Pictures are to be dropped. Everything else in the listing gets copied exactly.

----- EXERCISE DATA

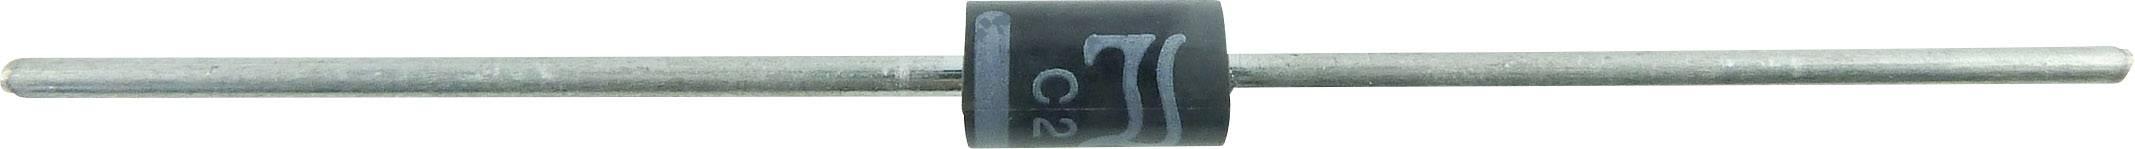 Kremíková usmerňovacia dióda Diotec 1N5400 1N5400 3 A, 50 V
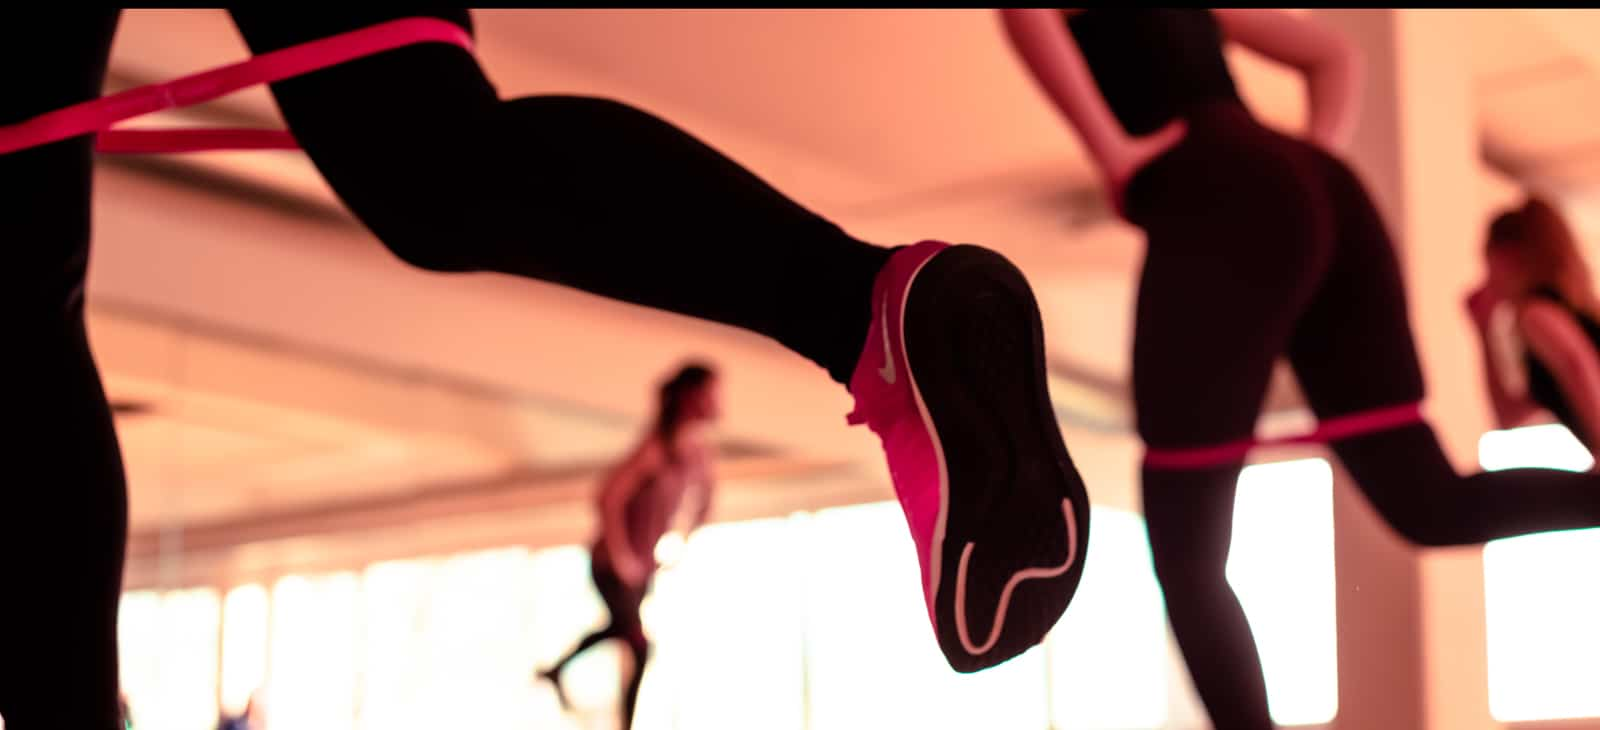 Beine von Frauen während eines Fitnesskurses
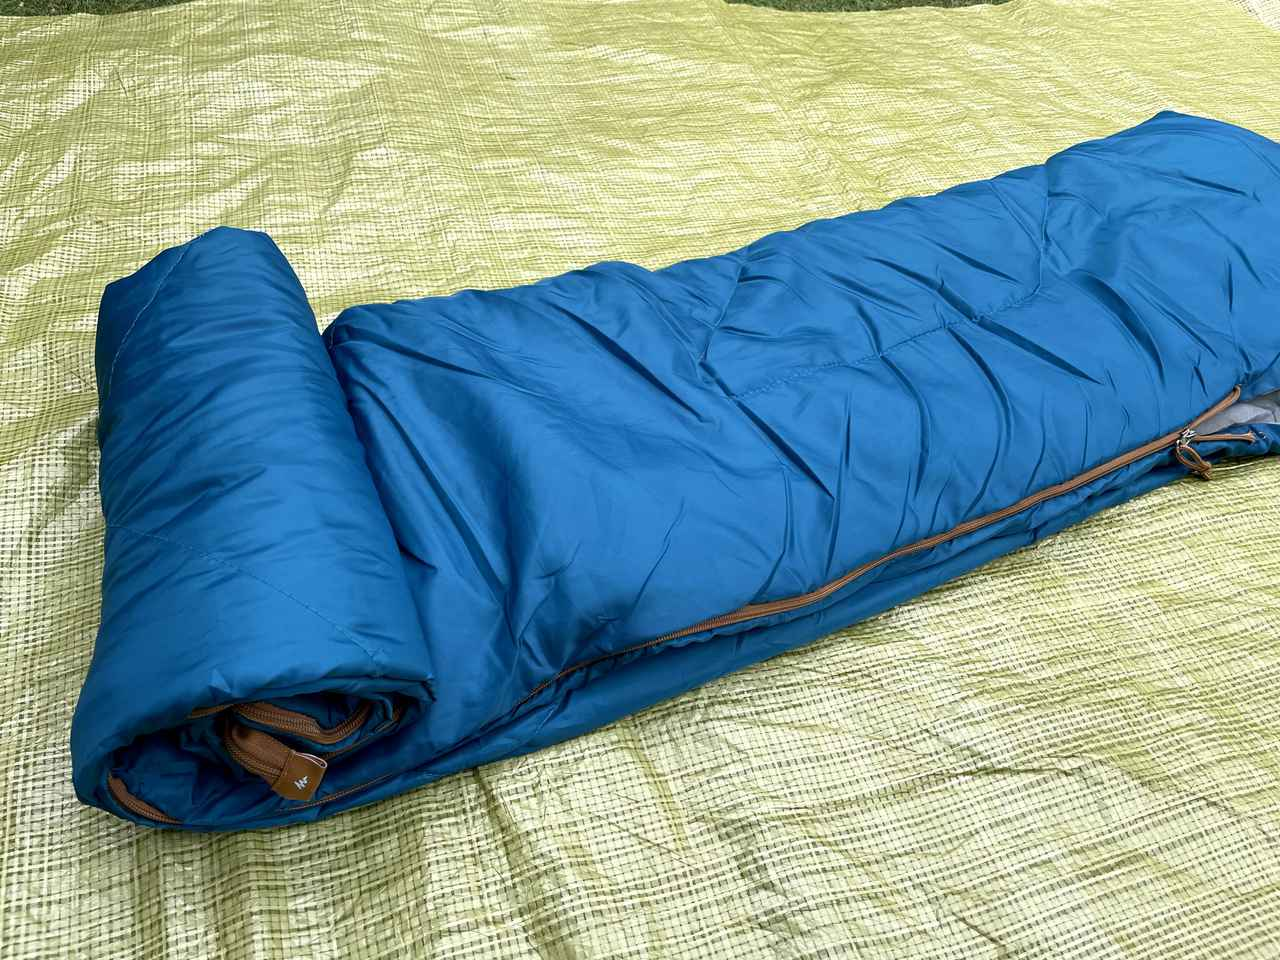 画像3: 【初夏〜秋の寝袋】デカトロン QUECHUA (ケシュア) 洗えるシュラフ ARPENAZ 20℃はキャンプデビューにオススメ!
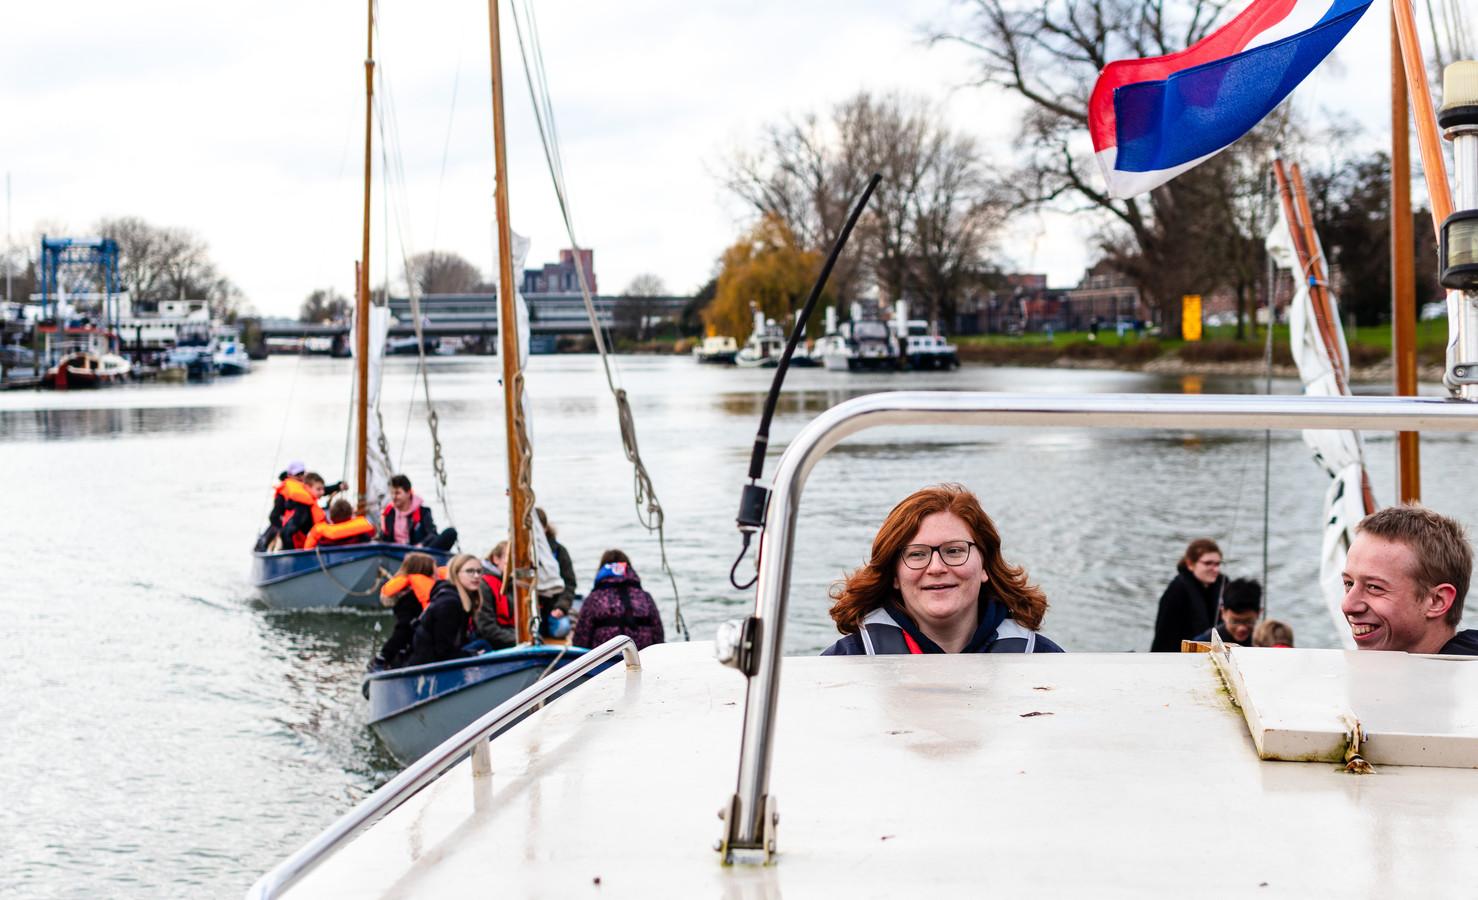 Vrijwilliger Linda Weidenaar (25) is teamleider bij Scouting Willem de Zwijgergroep III. Elke zaterdagmiddag doen de kinderen activiteiten op het water.

----------

(TASK OUTPUT)
 Kremíková usmerňovacia dióda Diotec 1N5400 1N5400 3 A, 50 V
 Beine von Frauen während eines Fitnesskurses
 画像3: 【初夏〜秋の寝袋】デカトロン QUECHUA (ケシュア) 洗えるシュラフ ARPENAZ 20℃はキャンプデビューにオススメ!
 Vrijwilliger Linda Weidenaar (25) is teamleider bij Scouting Willem de Zwijgergroep III. Elke zaterdagmiddag doen de kinderen activiteiten op het water.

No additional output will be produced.